I regret that I bought it. My commute just a couple of miles and I normally don't drive long distances. The one time I used it on a roadtrip into Denver on I25, it was fine - no issues at all - and it was nice in stop 'n go traffic. So there was that - it was great that one time. But the one time that I used it on Hwy 287 from Fort Collins to Laramie, WY, it crossed the double yellow on a turn into oncoming traffic and absolutely freaked me out. I had another time where I went over a little hill - like for a drainage culvert - on a highway east of Fort Collins, it veered sharply at the crest of the hill and it absolutely freaked me out as well.
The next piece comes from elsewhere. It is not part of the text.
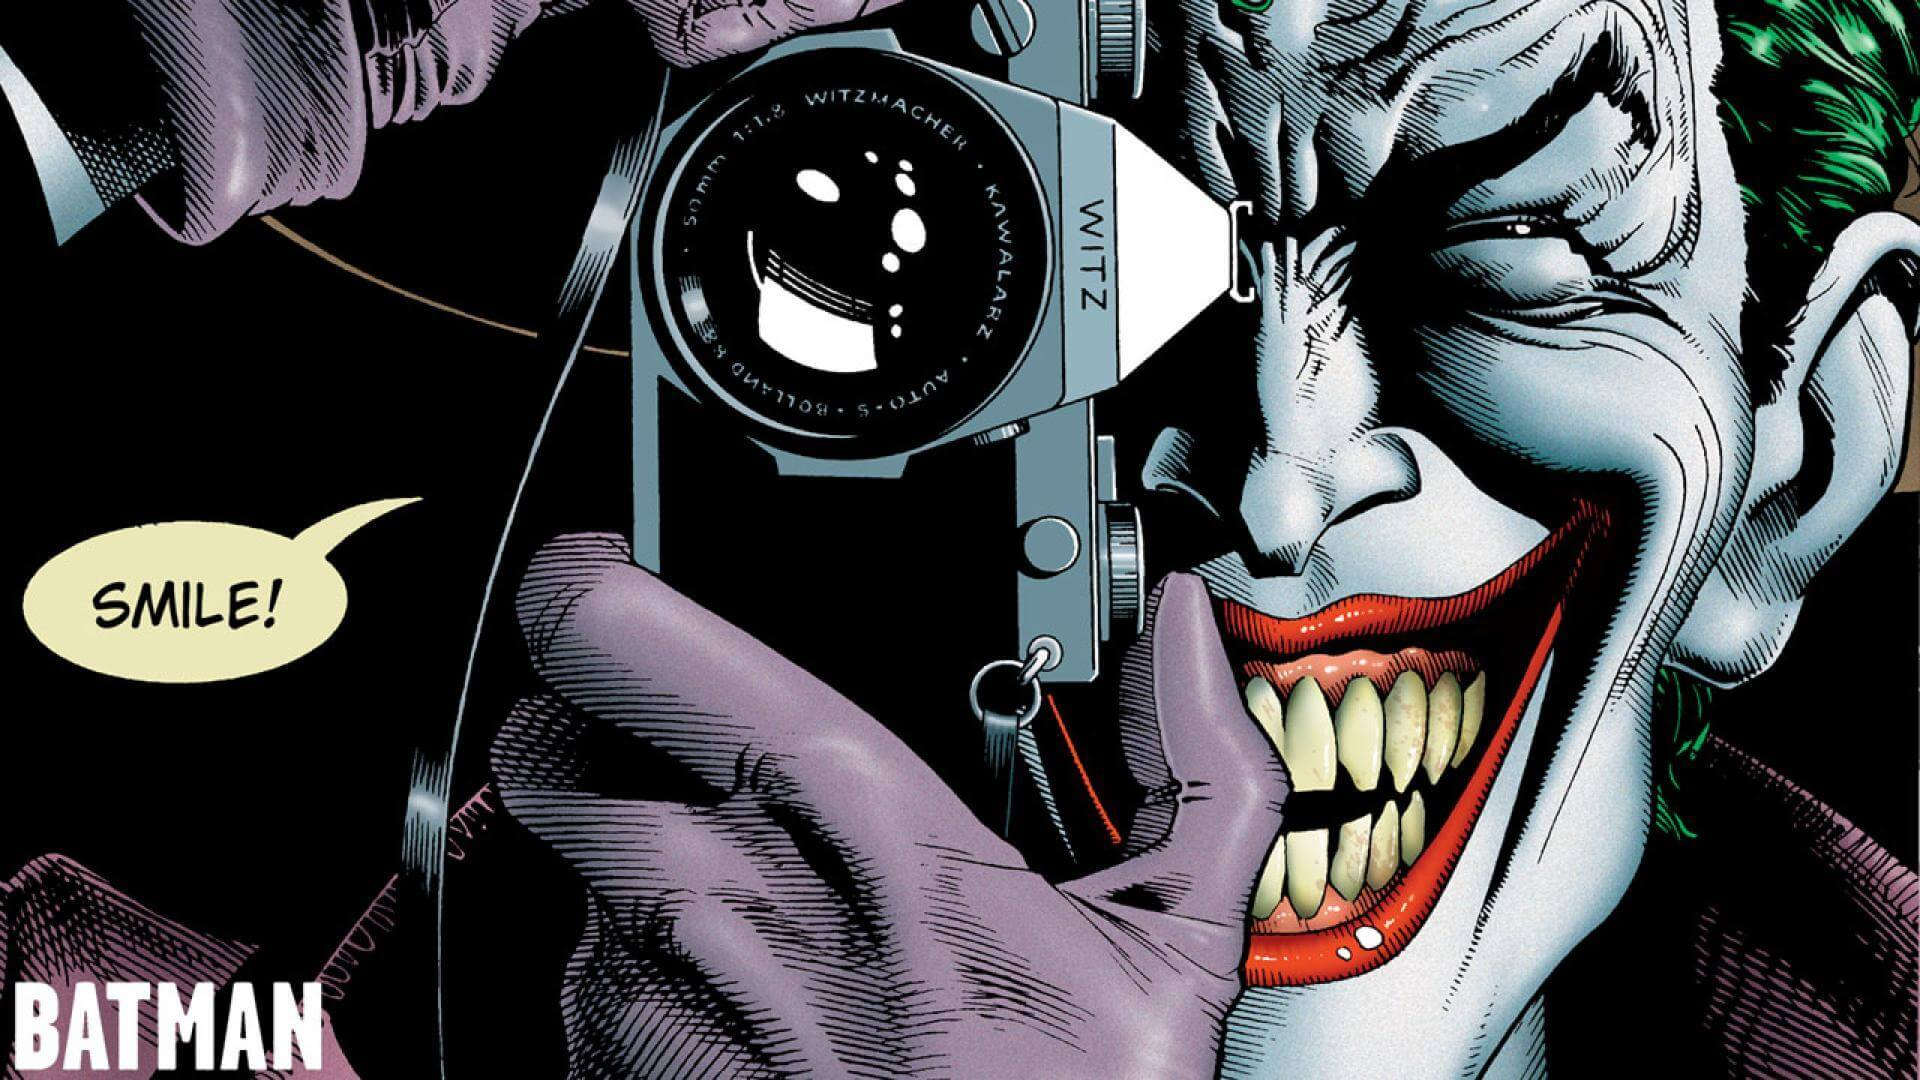 The Killing Joke Premiering at SDCC?

Both times I had my hand on the wheel so it was no huge deal but if I have to watch it constantly to make sure it's not trying to kill me, it sort of defeats the point. And then there's adaptive cruise control and I will say that I use this a bit more... but on most of the roads that I go on there's no car in front of me, so then it's just cruise control.

So people will say it's better with the recent software update - most of my bad experiences were in February on 2017.50 - and perhaps it is but like I say, I don't drive on roads that suit it well (lots of lights and stop signs, not a lot of traffic) and so I don't have much opportunity to test it or use it.

I love my Model 3 and I love everything about it, but so far if I were to divide the cost of autopilot versus what I'm getting out of it, I'd have skipped it.


----------



## Maevra (Oct 24, 2017)

EAP is definitely worth the hefty price tag in my opinion. As many others have said here, the benefits are many and, as long as the driver is aware of its limitations and uses it responsibly, it is a very useful tool.


----------



## TesLou (Aug 20, 2016)

Spiffywerks said:


> Nearly half of my of my 2,000 miles on the car has been with Autopilot.
> 
> I had a rental Ford Fusion for a week when my car was in the shop. It did not have TACC (traffic aware cruise control). 2 minutes into my commute to work in stop-n-go traffic, I was annoyed.
> 
> EAP for Autopilot/TACC features = totally worth it.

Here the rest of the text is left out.